Cloudflare announced that its R2 object storage and dependent services experienced an outage lasting 1 hour and 7 minutes, causing 100% write and 35% read failures globally.
Cloudflare R2 is a scalable, S3-compatible object storage service with free data retrieval, multi-region replication, and tight Cloudflare integration.
The incident, which lasted between 21:38 UTC and 22:45 UTC, was reportedly caused by a credential rotation that caused the R2 Gateway (API frontend) to lose authentication access to the backend storage.
Specifically, new credentials were mistakenly deployed to a development environment instead of production, and when the old credentials were deleted, the production service was left with no valid credentials.
The issue stemmed from omitting a single command-line flag, ‘–env production,’ which causes the new credentials to be deployed to the production R2 Gateway Worker rather than the production worker.

Source: Cloudflare
Due to the nature of the problem and the way Cloudflare’s services work, the misconfiguration wasn’t made immediately obvious, causing further delays in its remediation.
“The decline in R2 availability metrics was gradual and not immediately obvious because there was a delay in the propagation of the previous credential deletion to storage infrastructure,” explained Cloudflare in its incident report.
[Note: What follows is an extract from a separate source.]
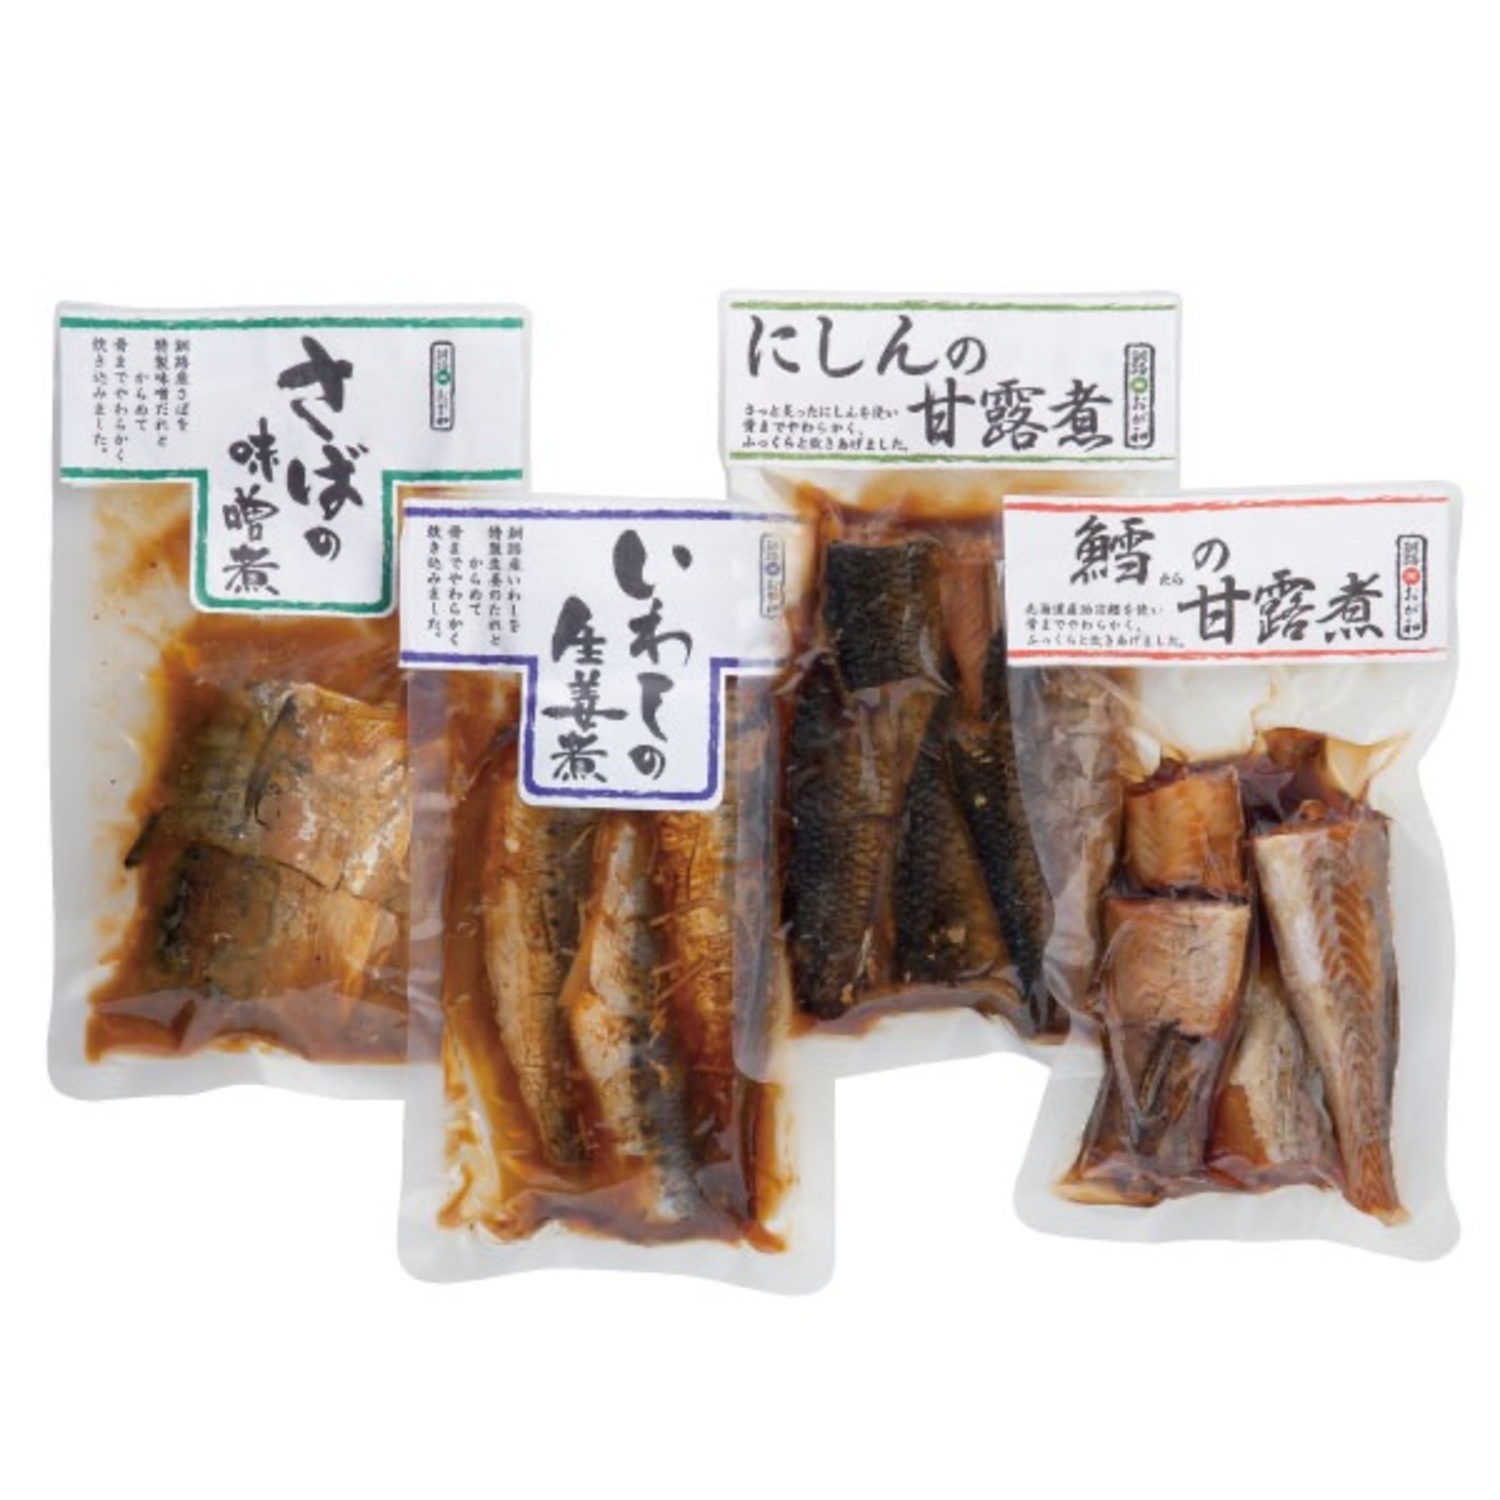 【送料無料】釧路おが和 北の煮魚4種セット

“This accounted for a delay in our initial discovery of the problem. Instead of relying on availability metrics after updating the old set of credentials, we should have explicitly validated which token was being used by the R2 Gateway service to authenticate with R2’s storage infrastructure.”
Although the incident did not result in customer data loss or corruption, it still caused partial or full-service degradation for:
- R2: 100% write failures and 35% read failures (cached objects remained accessible)
- Cache Reserve: Higher origin traffic due to failed reads
- Images and Stream: All uploads failed, image delivery dropped to 25% and Stream to 94%
- Email Security, Vectorize, Log Delivery, Billing, Key Transparency Auditor: Various levels of service degradation
To prevent similar incidents from reoccurring in the future, Cloudflare has improved credential logging and verification and now mandates the use of automated deployment tooling to avoid human errors.
The company is also updating standard operating procedures (SOPs) to require dual validation for high-impact actions like credential rotation and plans to enhance health checks for faster root cause detection.
Cloudflare’s R2 service suffered another 1-hour long outage in February, which was also caused by a human error.
An operator responding to an abuse report about a phishing URL in the service turned off the entire R2 Gateway service instead of blocking the specific endpoint.
The absence of safeguards and validation checks for high-impact actions led to the outage, prompting Cloudflare to plan and implement additional measures for improved account provisioning, stricter access control, and two-party approval processes for high-risk actions.